The theoretical problem even beyond the question of civilians is that this definition of terrorism is too narrow. It does not include, for example, IRA attacks on British soldiers or policemen, whether in northern Ireland or elsewhere. In effect, what the IRA said was that it was in a war, and it would abide the general rules of combat - i.e., aiming at what it said were "combatants" in that war, and not aiming at what it said were "noncombatants." This meant that, according to its own criteria, its fighters were "combatants" fighting other "combatants" and - a crucial corollary - collateral damage, including death and injury of bystanders, would be measured according to the traditional law of war standard of proportionality between military necessity and harm caused. And of course, if they were in a war, and they otherwise met the requirements to be combatants in, say, article 4 of the Third Geneva Convention, then all that would be quite true.
But according to the British government and everyone else - leaving aside the looney left -the IRA was not a legitimate party to a legitimate conflict. The IRA had no right to be fighting at all, and it did not matter if they conducted themselves according to the laws and customs of war - any death, injury and destruction they caused was simply criminal and terrorism, because they were not entitled to fight. They did not benefit from the so-called "combatant's privilege" - the legal privilege of aiming at other combatants without the results of the fighting, or proportionate collateral damage resulting from the fighting, being accounted to them as criminal; a legal privilege matched, however, by the disability of being a target of someone else on the other side. The reason they did not benefit was simple: they did not fight in a legal and legally recognized war. Hence the people they attacked, including the soldiers and policemen, had no reason to think they were liable to attack and (if done for political purposes with the intent of influencing political policy) those deaths and injuries are no different for purposes of describing the attack as "terrorism" than if they had attacked civilians.

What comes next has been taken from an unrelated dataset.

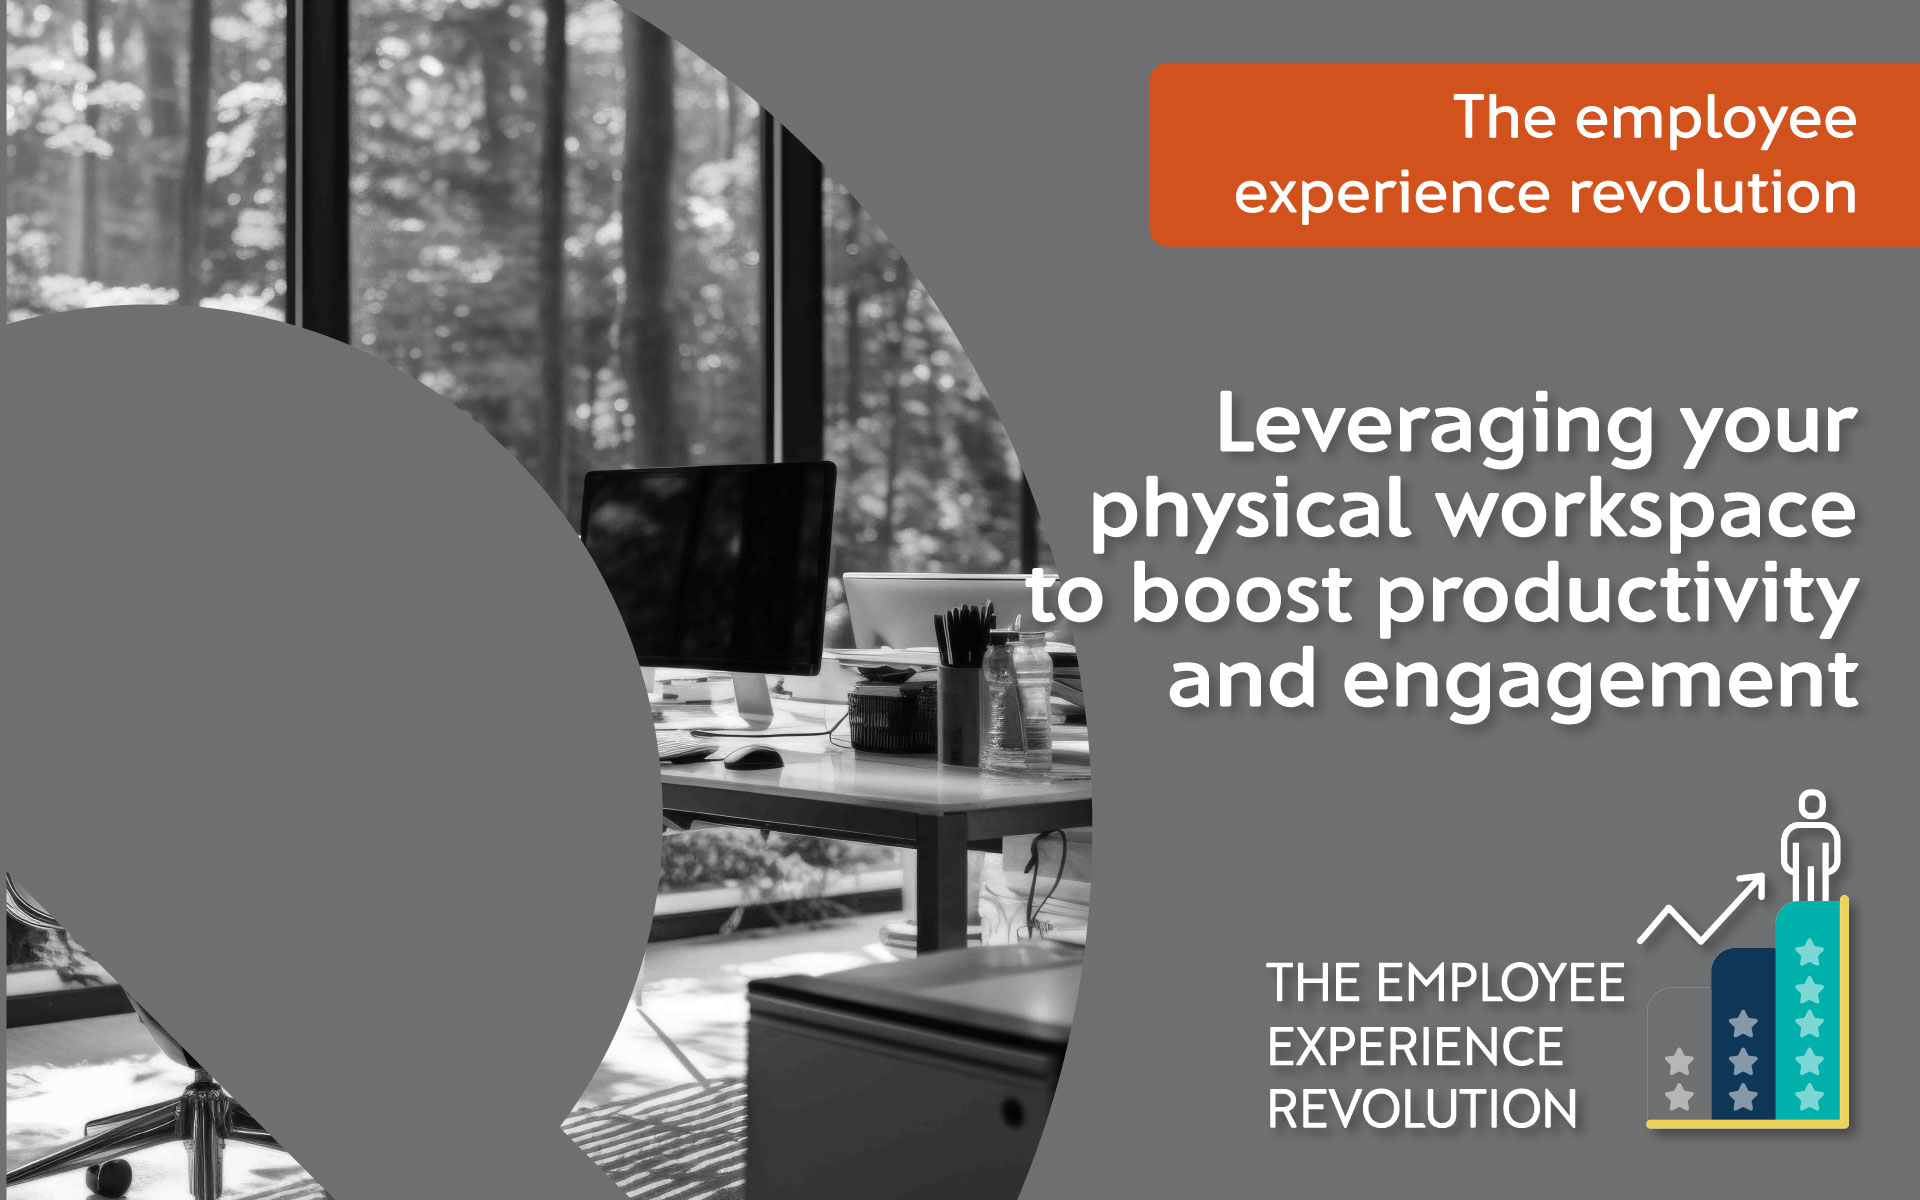 EX revolution - leveraging your physical workspace

(The High Level Panel report carefully elides this question - referring specifically in par. 164(d) to definitions of terrorism that cover only "civilians and noncombatants" while also referring in par. 164(b) to earlier anti-terrorism treaties that arguably have broader scope. It is yet another reason why the report is and should remain a nonstarter.)
As soon as the definition of terrorism moves - as it must - beyond the question of civilians and noncombatants, however, it also moves beyond the jus in bello question of simply means and methods of warfare - what you aim at - to the jus ad bellum question of whether you are entitled to be fighting at all, i.e., aiming at anything or anyone at all. After all, if the mafia in the United States simply decided to announce that it was fighting a war and entitled to international law protections, no one would pay its claims any attention. The next step would be for it to announce that it was fighting for political goals, but still no one would pay any attention - it would not be regarded has having the political legitimacy to fight at all.
The Geneva Conventions seek to address this problem by saying, in effect, that if a conflict walks like a duck, and talks like a duck, then it must be a duck. If the objective level of conflict and fighting becomes widespread enough, rises high enough, to start looking like a war, then the rules of war apply. This has the virtue of seeking to maintain the strict separation of jus in bello from jus ad bellum - it has the disadvantage, however, that no clear practical line separates one level of fighting or attacks from another.
In any case, even if the fighting rises to a level high enough to trigger the rules of war, but the conflict is a purely internal one, it is covered only by the minimal protections of Common Article 3 of the 1949 Geneva Conventions, and not the full body of treaties. Common Article 3, note, does not prevent the legitimate government of a state from trying its insurgent for treason and insurrection and murder and anything else that might be a crime arising from armed conflict - it confers no prisoner of war protection or combatant's privilege on rebellion, only minimal due process protections and protection against summary execution. And there must be a certain level of conflict before even Common Article 3 applies; the point about terrorism is that even if the acts are carefully limited to what, in a legitimate war, would be legitimate military targets, they rarely rise to the level of conflict necessary even to invoke Common Article 3 (although the ICRC has had a long and dubious pattern of lowering the bar in its pronouncements on the status of conflicts).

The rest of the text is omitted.